> View this now
Published on: November 22, 2010
Type of content: WHITE PAPER
Length: 6 pages
Over the past two years, the mobile TV landscape has changed dramatically. Even by mid-2008, there were serious reservations as to whether dedicated mobile broadcast TV networks could ever generate sufficient revenues to be run at a profit, even in the longer term; and the efforts of the then EU Commissioner Viviane Reding to persuade mobile network operators to deploy networks based on the DVB-H standard largely fell on deaf ears. In the aftermath of the global economic downturn, these reservations crystallised in most cases into an outright rejection of the dedicated broadcast network. By the end of 2009 - more than four and a half years after the first service was launched – just 3.2 million users worldwide were paying for mobile TV services delivered via dedicated mobile broadcast TV networks: well under 0.1% of the global subscriber base. Even in the two markets where mobile broadcast TV pay services are relatively well established (South Korea and Italy, launching in May 2005 and June 2006 respectively) penetration is just 2.0% and 1.4% respectively. Even though MediaFLO achieved carriage deals with Verizon and AT&T, the two largest networks in the US, its subscriber base stood at no more than 200,000 at the end of 2009. Furthermore, this global pay TV base is barely sufficient to sustain a single medium-sized national network.
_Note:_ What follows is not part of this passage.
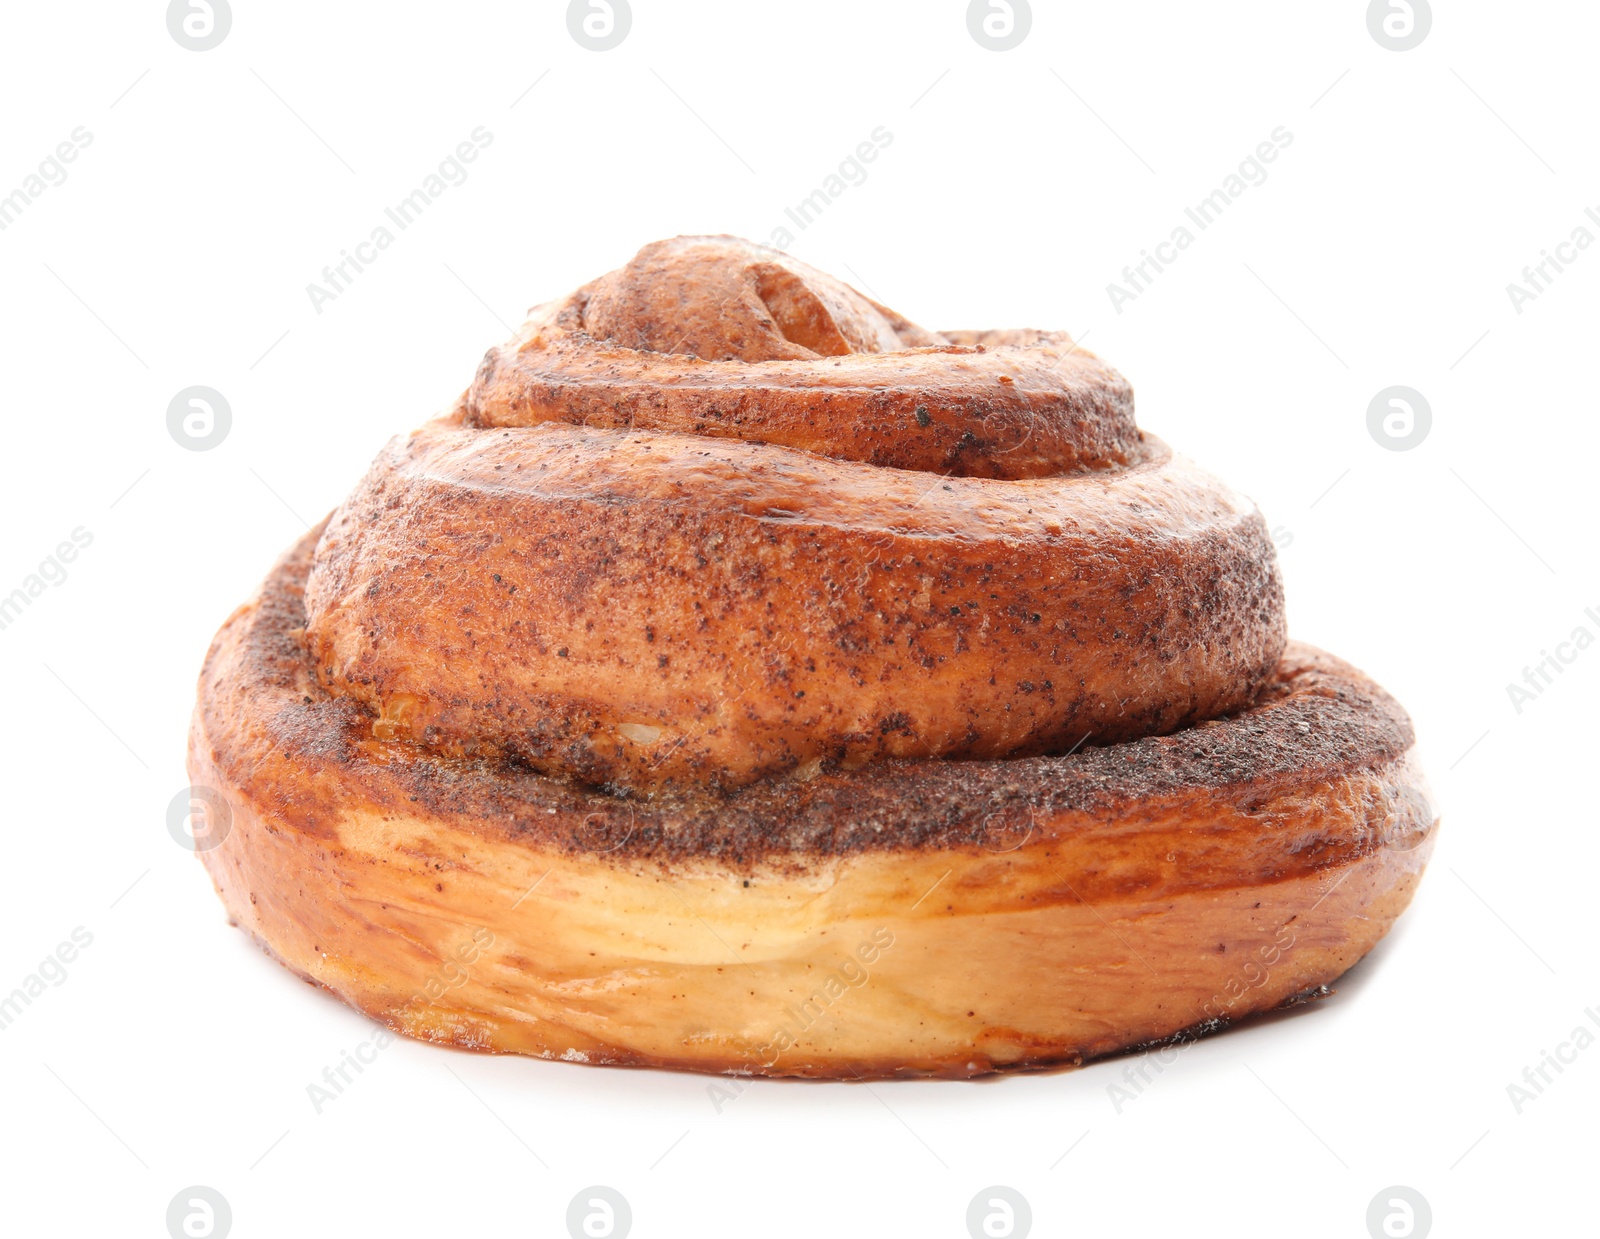 Photo of Freshly baked cinnamon roll on white background

Given these factors, given the comparative failures of those pay ventures, it is difficult to avoid the conclusion that pay TV services delivered over dedicated networks are unlikely to generate substantial revenues in the future; that few such networks will be commissioned and deployed in the future; that those networks which are in active service will increasingly struggle in the face of competing technologies. Where mobile broadcast TV has taken off, it is largely the result either of digital terrestrial networks configured at no extra cost to enable free-to-air mobile reception of signals (e.g. ISDB-T in Japan) or with handsets fitted with chipsets which can receive free-to-air analogue TV signals (e.g. in parts of Asia and Africa). However, while they will not in themselves provide any additional service revenues, this is not to say that they do not provide the opportunity for vendors, operators and service providers to generate additional revenues, ranging from the perceived enhanced value of a handset that is in some way mobile TV-enabled, to associated, paid-for value-added interactive services.